I used a fan profile on the board. The CPU puts out so little power that it seems to stay at the coolers minimum fan speed most of the time. Granted it is pretty cold in my basement right now.
(Warmer temps will result in higher fan speeds which will drive up power consumption noticeably. At this low power use the fans use a surprisingly large percentage of the power)
I'm very happy thus far.
Just stay away from the USB3 ports. pfSense doesn't seem to like those at all, and the installers will fail unless booted from one of the USB2 ports.
-
-
So,
After installing pfSense, my power use at idle went up a little bit to about 8W (compared to 6.2W in Ubuntu).
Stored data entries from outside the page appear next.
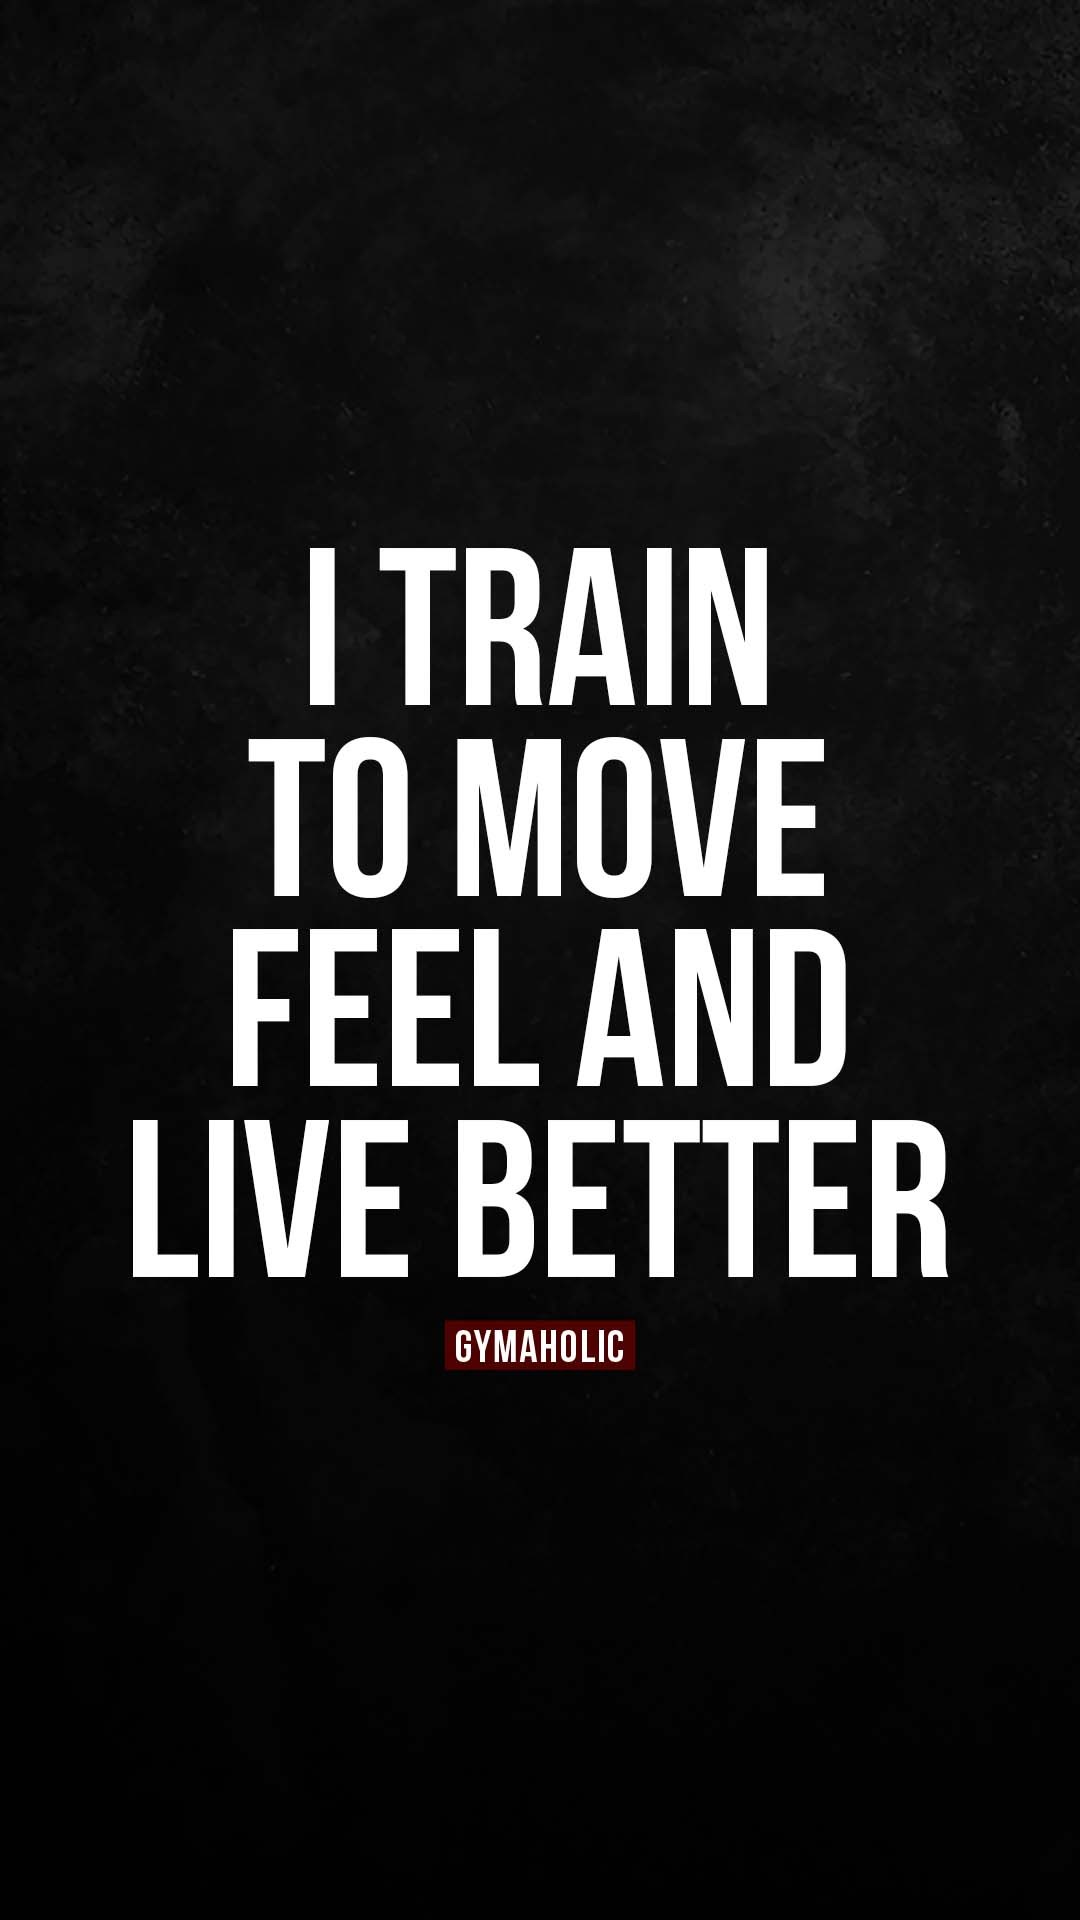 I train to move, feel and live better.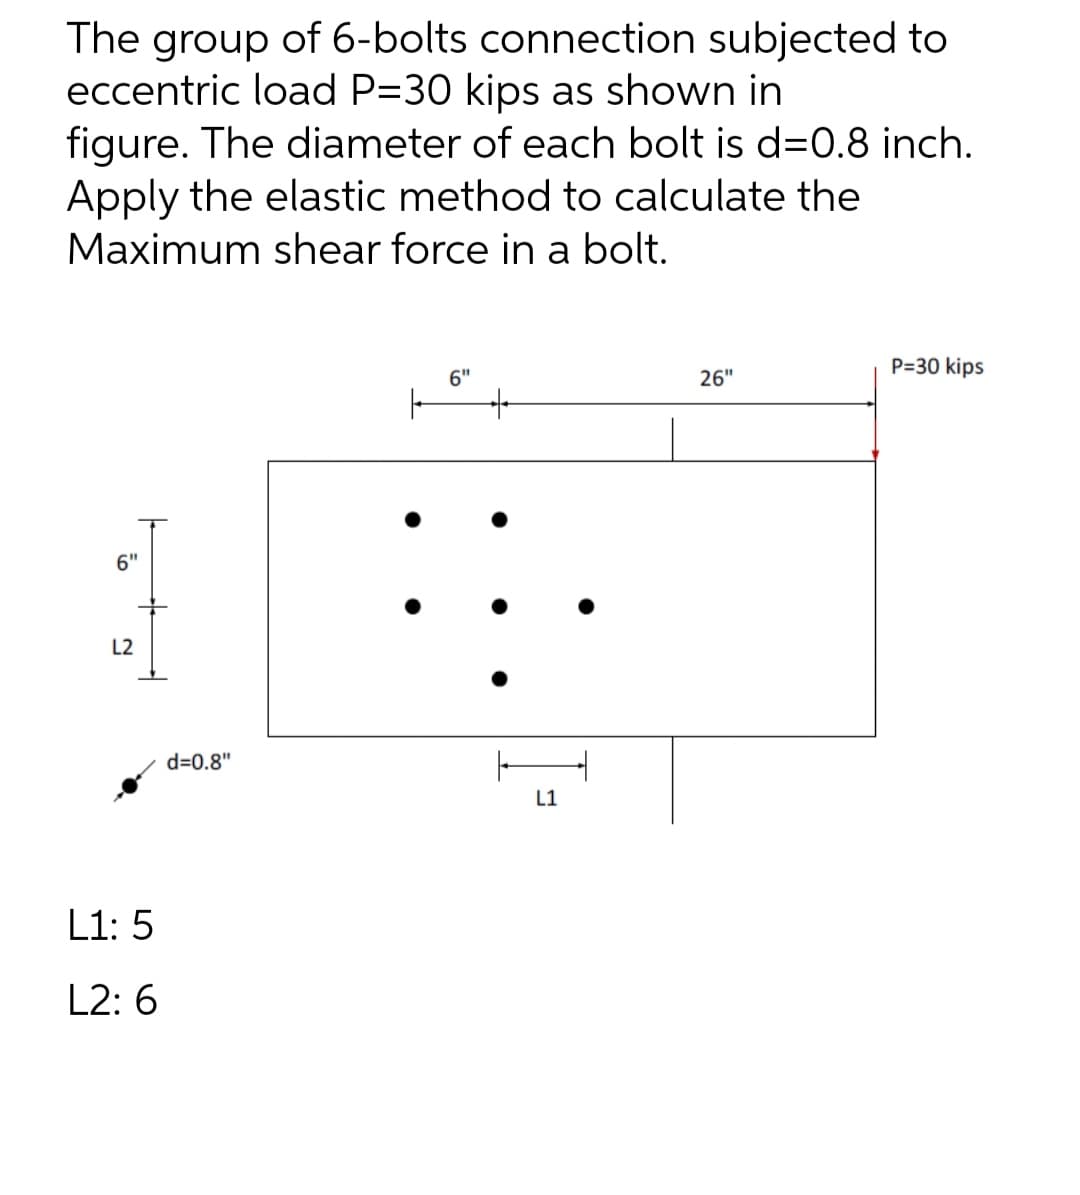 The group of 6-bolts connection subjected to
eccentric load P=30 kips as shown in
figure. The diameter of each bolt is d=0.8 inch.
Apply the elastic method to calculate the
Maximum shear force in a bolt.
6"
P=30 kips
26"
|
+
6"
L2
L1: 5
L2: 6
d=0.8"
L1

Part of this may be due to my "Hidaptive" power setting, or maybe BSD 10.3 isnt quite as good at power management as Ubuntu is at this point.
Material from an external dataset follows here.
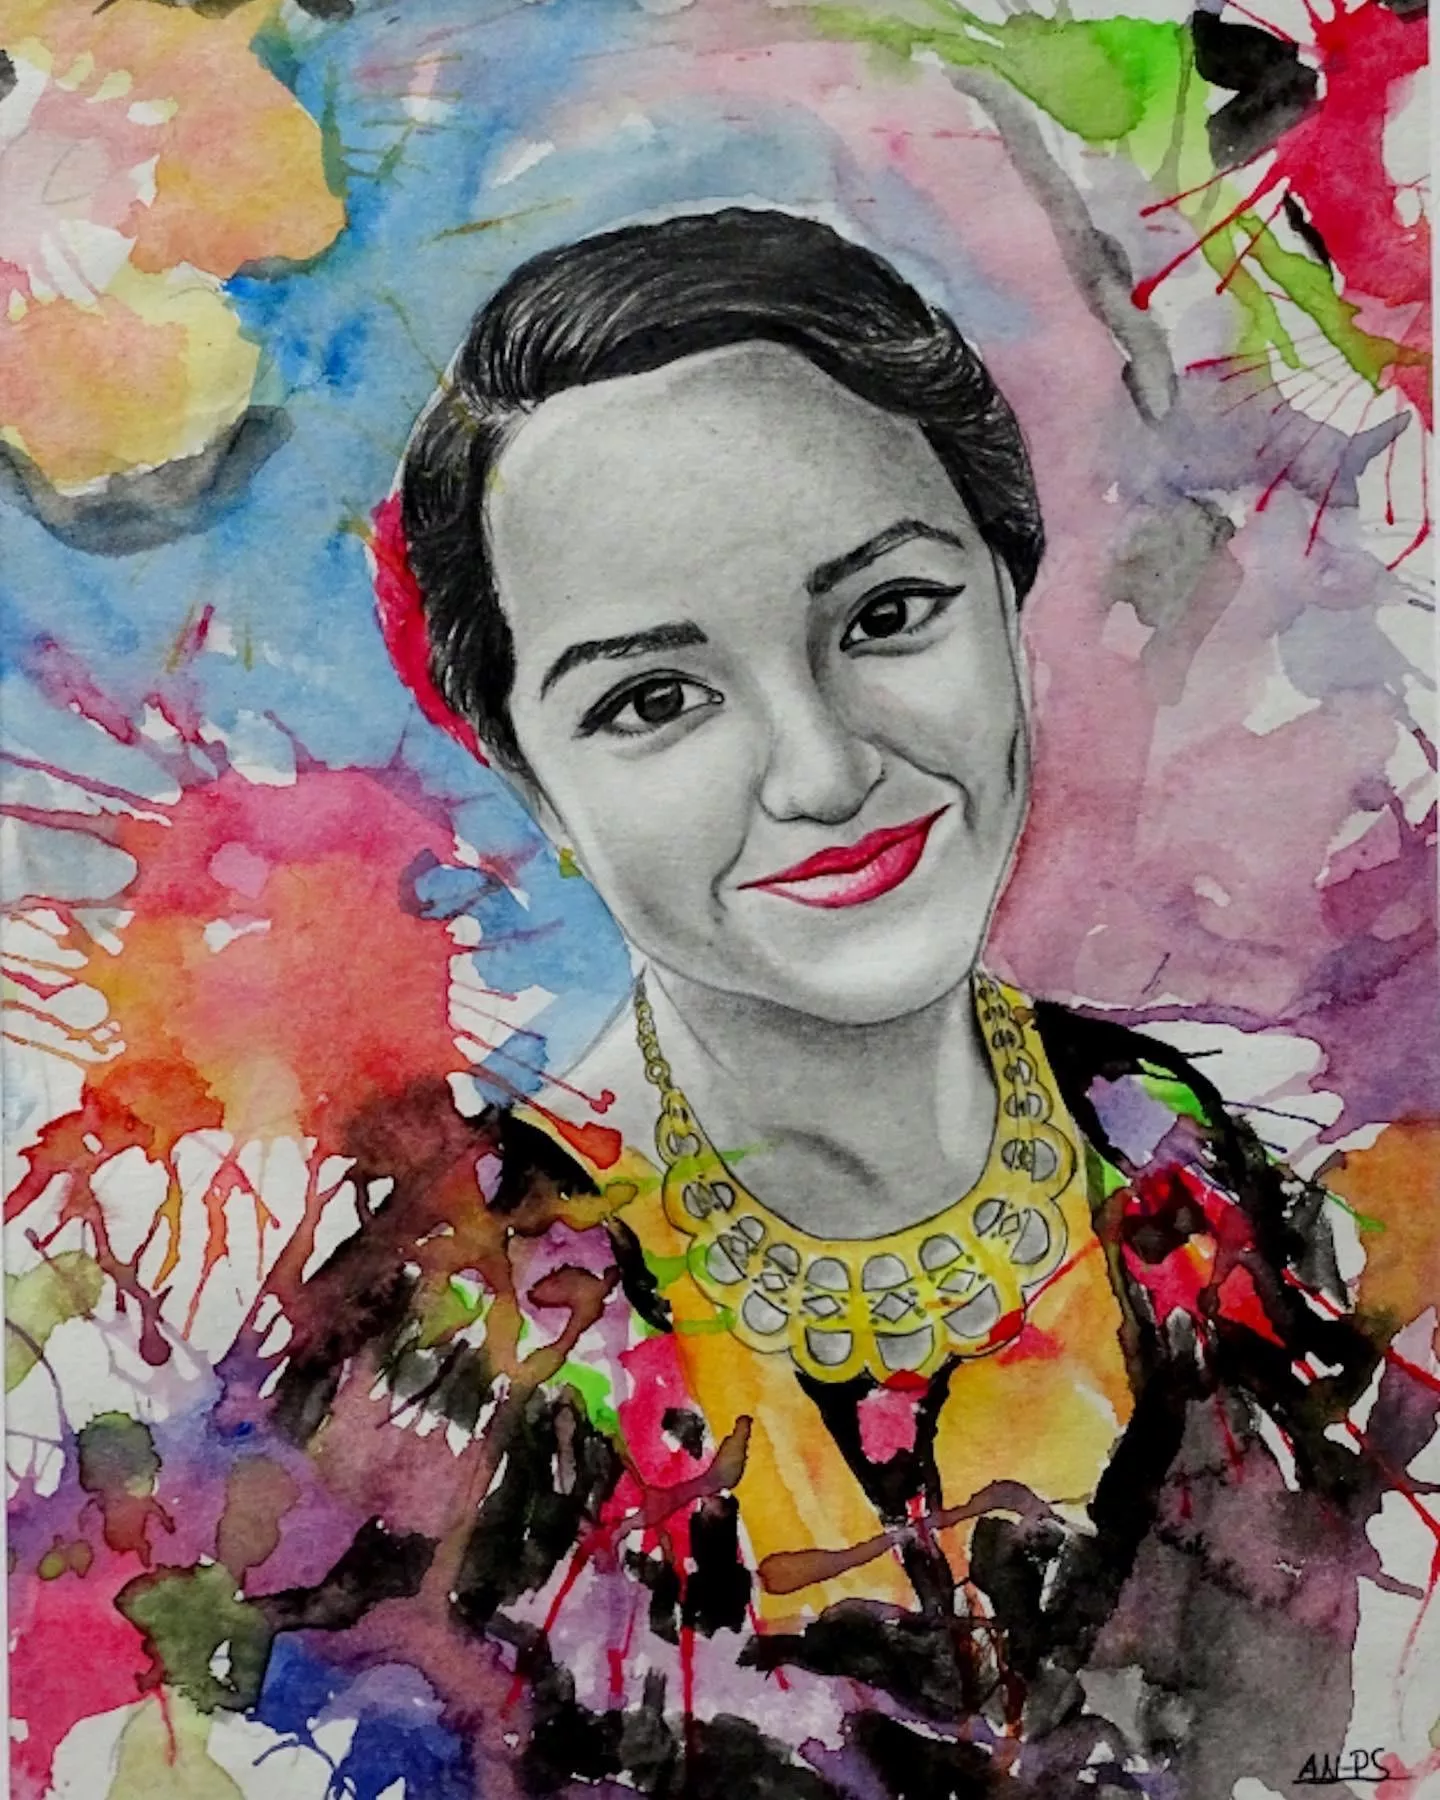 A portrait of a Latina. Her head is depicted in black and white with red lips. Her black hair is swept back by a partially visable red flower. She is wearing a black dress with a yellow front and a large gold necklace with white stones.

Either way, still good results.
Here are some comparative openSSL numbers,
First the PcEngines APU2C4:
[2.3.1-RELEASE][root@pfSense.localdomain]/root: openssl speed -elapsed -evp aes-128-ecb You have chosen to measure elapsed time instead of user CPU time. Doing aes-128-ecb for 3s on 16 size blocks: 23413097 aes-128-ecb's in 3.00s Doing aes-128-ecb for 3s on 64 size blocks: 18438085 aes-128-ecb's in 3.00s Doing aes-128-ecb for 3s on 256 size blocks: 7473361 aes-128-ecb's in 3.00s Doing aes-128-ecb for 3s on 1024 size blocks: 2115520 aes-128-ecb's in 3.01s Doing aes-128-ecb for 3s on 8192 size blocks: 279464 aes-128-ecb's in 3.00s OpenSSL 1.0.1s-freebsd 1 Mar 2016 built on: date not available options:bn(64,64) rc4(8x,int) des(idx,cisc,16,int) aes(partial) idea(int) blowfish(idx) compiler: clang The 'numbers' are in 1000s of bytes per second processed. type 16 bytes 64 bytes 256 bytes 1024 bytes 8192 bytes aes-128-ecb 124869.85k 393345.81k 637726.81k 720221.92k 763123.03k
Now the i3-7100:
[2.3.3-RELEASE][admin@router.localdomain]/var/log: openssl speed -elapsed -evp aes-128-ecb You have chosen to measure elapsed time instead of user CPU time. Doing aes-128-ecb for 3s on 16 size blocks: 242729953 aes-128-ecb's in 3.00s Doing aes-128-ecb for 3s on 64 size blocks: 207367303 aes-128-ecb's in 3.01s Doing aes-128-ecb for 3s on 256 size blocks: 69510589 aes-128-ecb's in 3.00s Doing aes-128-ecb for 3s on 1024 size blocks: 17831161 aes-128-ecb's in 3.00s Doing aes-128-ecb for 3s on 8192 size blocks: 2219499 aes-128-ecb's in 3.00s OpenSSL 1.0.1s-freebsd 1 Mar 2016 built on: date not available options:bn(64,64) rc4(16x,int) des(idx,cisc,16,int) aes(partial) idea(int) blowfish(idx) compiler: clang The 'numbers' are in 1000s of bytes per second processed. type 16 bytes 64 bytes 256 bytes 1024 bytes 8192 bytes aes-128-ecb 1294559.75k 4412345.31k 5931570.26k 6086369.62k 6060711.94k
Looks like an average of about an order of magnitude improvement across the board.